What Subject A does not know is that Subject B is actually a trained actor, and is never given any electrical shock at all. However, as Subject A progressively increases the "voltage" being applied to him, Subject B very realistically starts to scream in pain, and complain that he does not want to participate in the experiment anymore. The real purpose behind the experiment is to see to what degree Subject A will act cruelly towards another human in the name of the greater good, Science. As Subject B starts to complain, Subject A will begin to ask the scientist standing behind him if he can stop the experiment, or at least turn the voltage back down. When this happens, the scientist very simply states "The experiment must go on", or tells Subject A that "There will be no permanent tissue damage." He never makes any attempt to physically restrain Subject A, and there is an unlocked door through which Subject A can exit at any time. Most of the time, however, the subject only needs to be told few times that he has no choice before he turns around and begins to administer the experiment again, in spite of the actor's anguished pleas.

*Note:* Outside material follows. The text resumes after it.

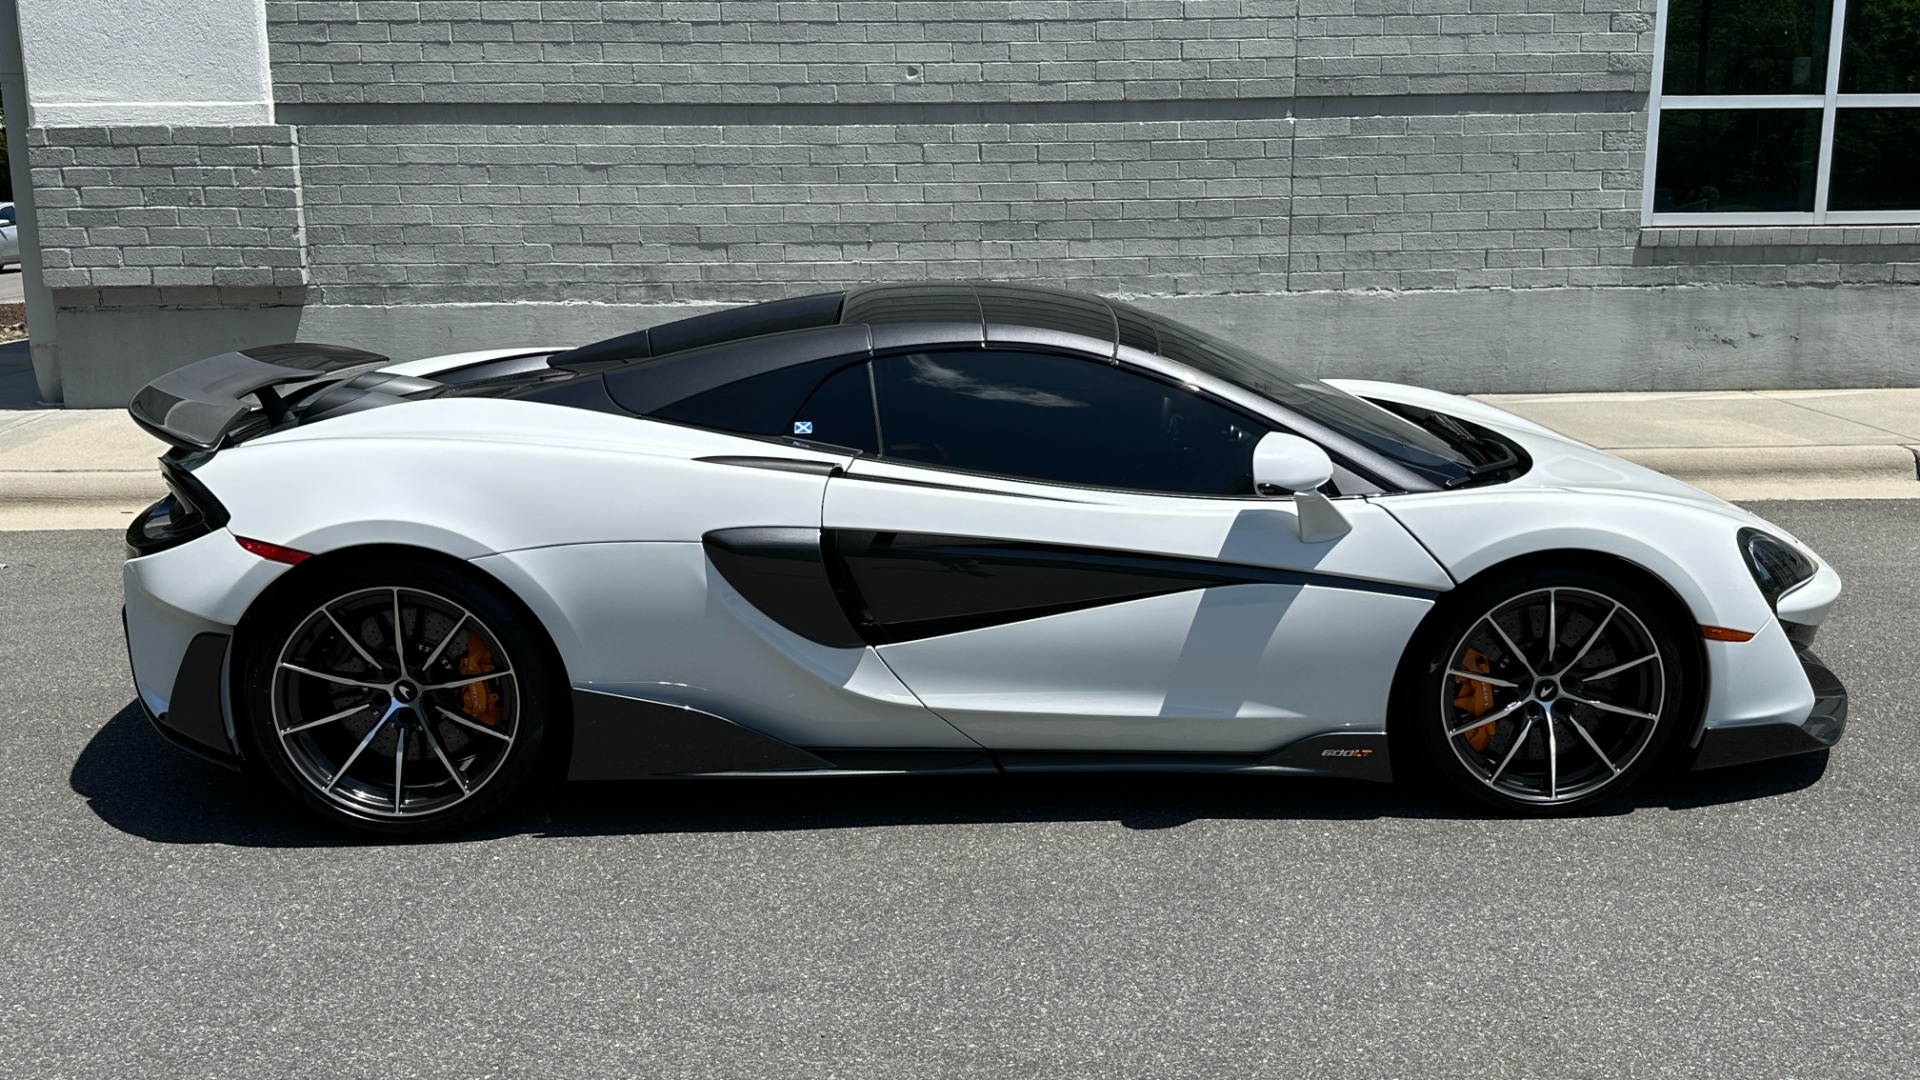 Used 2020 McLaren 600LT SPIDER / FRONT PPF / LEATHER INT / MSO BELTS / CARBON FIBER INT for sale $295,000 at Formula Imports in Charlotte NC 28227 7

At some future date, I'll try and look up some of the figures on how long it took most people to give up and leave, but the point is that the average Joe is quite ready to give up his morals and beliefs about being cruel to other human beings when being commanded even minimally by an authority figure. The experiment was conducted around the time that a number of veteran Nazis were being held on trial for the atrocities they committed in concentration camps during WWII, and somewhat backed up their claims that they were simply following orders, and could not be held personally responsible for the actions of the Nazi Party.

Kevin Smith seems to disagree with this idea; in Clerks, the character Randall tries to convince Dante that position doesn't dictate behavior, and individuals are responsible for their own behavior in all circumstances. Go read the book and watch the movie again, and come to your own conclusions.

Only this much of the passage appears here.